The noble Lords, Lord Purvis and Lord Bilimoria, spoke about working with the majority of the world’s trading countries—those countries that want to follow the rule of law and an orderly system—yet what we are hearing from the Government is again and again talk of leaving our long-term economic future in the hands of whether or not we are, from one day to the next, in President Trump’s favour. Surely, we must hear more about defending that rules-based order and working together, as the noble Viscount just said?
We need to think about what those defence options are for particular sectors and how we protect particular industries, such as the steel sector. There are remedies to make sure that we protect some of those key, leading industries that we need to think about. However, I strongly believe that there is an opportunity to expand our trading relationships with nations such as the US off the back of this. A firm commitment to doing our best to secure a trade deal with the US is still the safest and most secure economic way of navigating this challenging path.
The Statement says:
“The final part of our approach will be to turbo-boost the work this Government are doing to make our economy stronger”.
Does the Minister agree that, with all due respect, 0.1% of GDP growth in the UK economy since July 2024 is not achieving that goal? What will her priority be to fix it?

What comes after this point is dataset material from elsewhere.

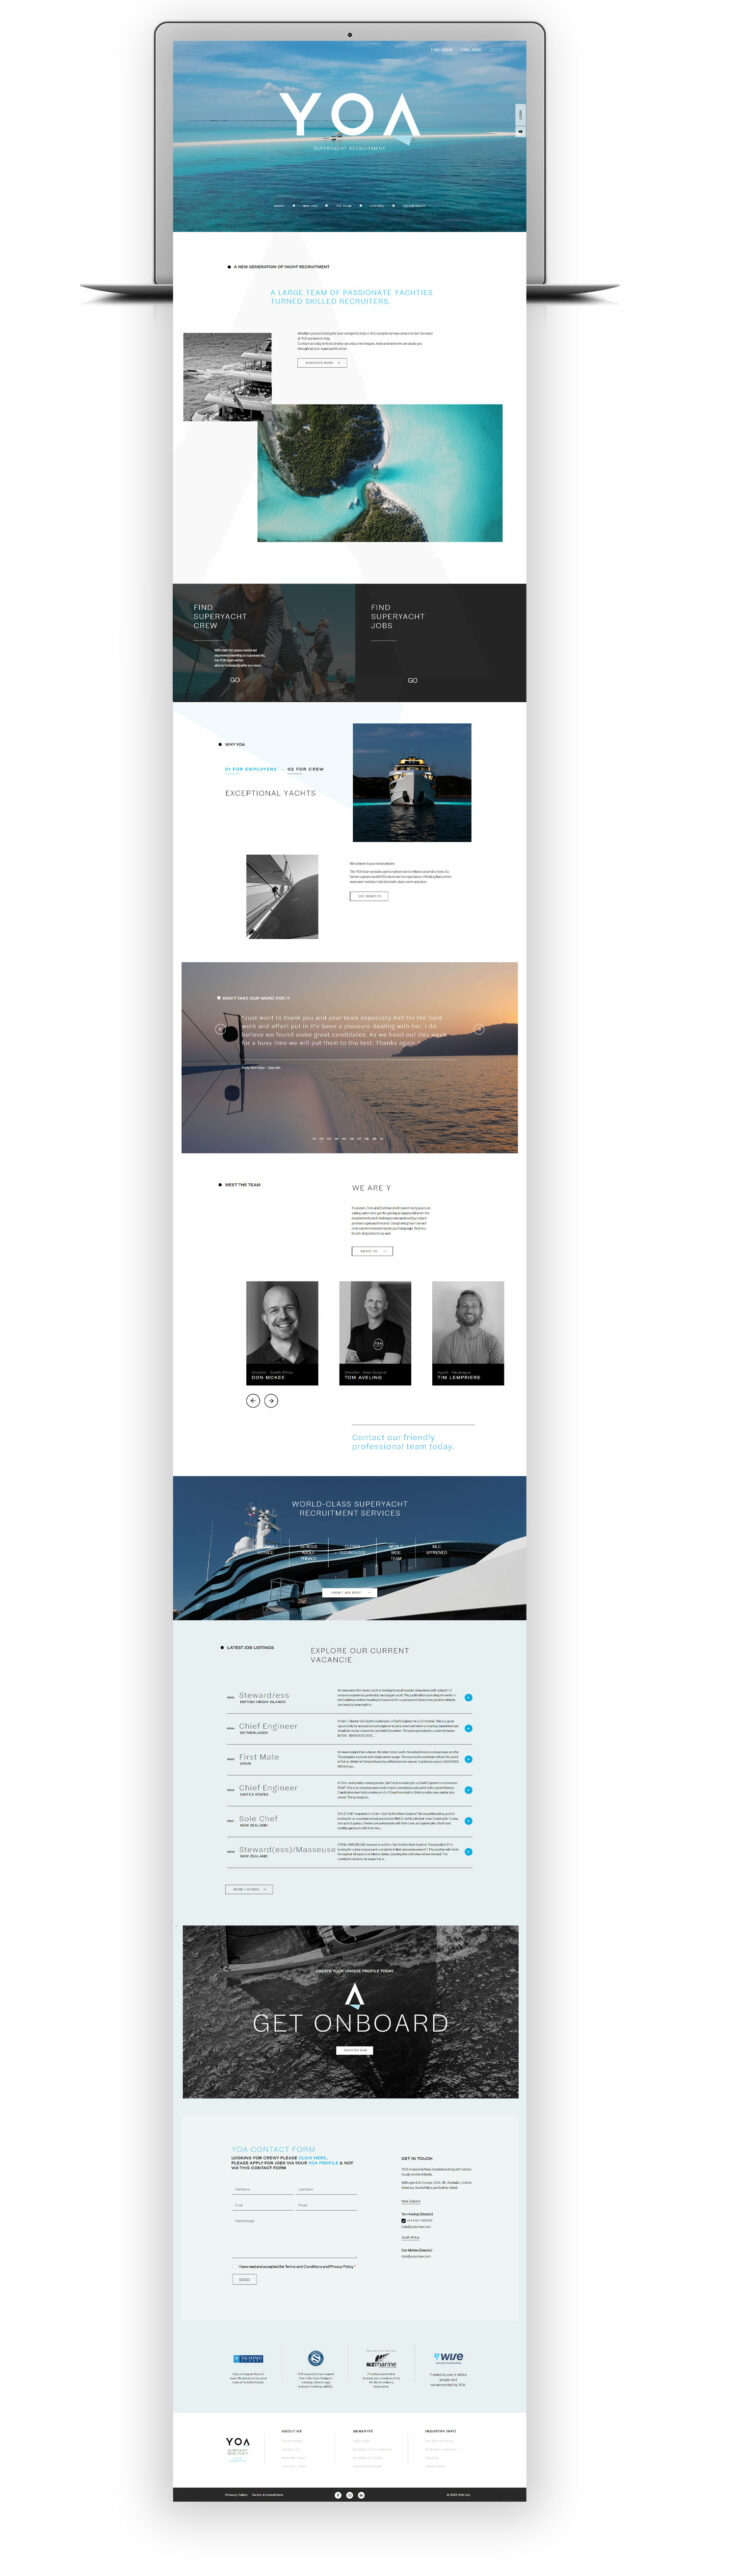 Yoa Superyacht Recruitment Homepage Design Wanaka Web Design

My Lords, 0.1% GDP growth is not enough. This Government have made no apology for putting growth as their number one priority. I think all sides of this House agree that driving up growth can only benefit the UK and the people operating within it. We take it incredibly seriously, which is why conversations such as this feel so at odds with trying to create an industry that thrives in and benefits from an open and free trade environment. It is why many of us feel sad as we think about tariffs, or reciprocal tariffs as a headwind to them.
But we can secure an agreement with the US that allows us to navigate through this. There will come a time when we look back on this in the rear-view mirror and we are able to establish and support a lot of those sectors that we rely on to support growth. We will hold dear a lot of the principles that we have already written down and they will steer us through that, whether it is things such as the industrial strategy or going through and identifying those core sectors that the Government will wrap their arms around and support to make sure that our growth numbers are not 0.1% or 0.2% but 1%, 2% and then beyond as we really try to support it.
But I know that it is not a quick fix. I understand that we cannot just go to the growth cupboard in the corner and take growth out of it. A decision to turn to growth does not drive growth—multiple small cumulative decisions help turn the ship towards something that supports businesses and communities to grow. For example, it is about thinking about how in some instances regulation is acting as a headwind against growth and enabling things such as planning to make it easier for businesses to build factories and data centres in their communities to help drive that growth. We are seeing a lot of those initiatives to try to shape and encourage growth. However, I share the sadness that sometimes, it feels as though, when we are in a world talking about tariffs, that works against some of that growth agenda.
I congratulate the Minister on her appointment. She brings a great deal of business experience to the House. The UK is still a great place to invest in. We have one of the greatest creative economies in the world; we should be pushing that and making it clear. It is not a case for gloom.
I am shamelessly championing and promoting the UK and all its wonderful benefits wherever I can, and will continue to do so. I am a natural optimist by heart and, even today, I am still incredibly optimistic and excited about the opportunity that the UK presents.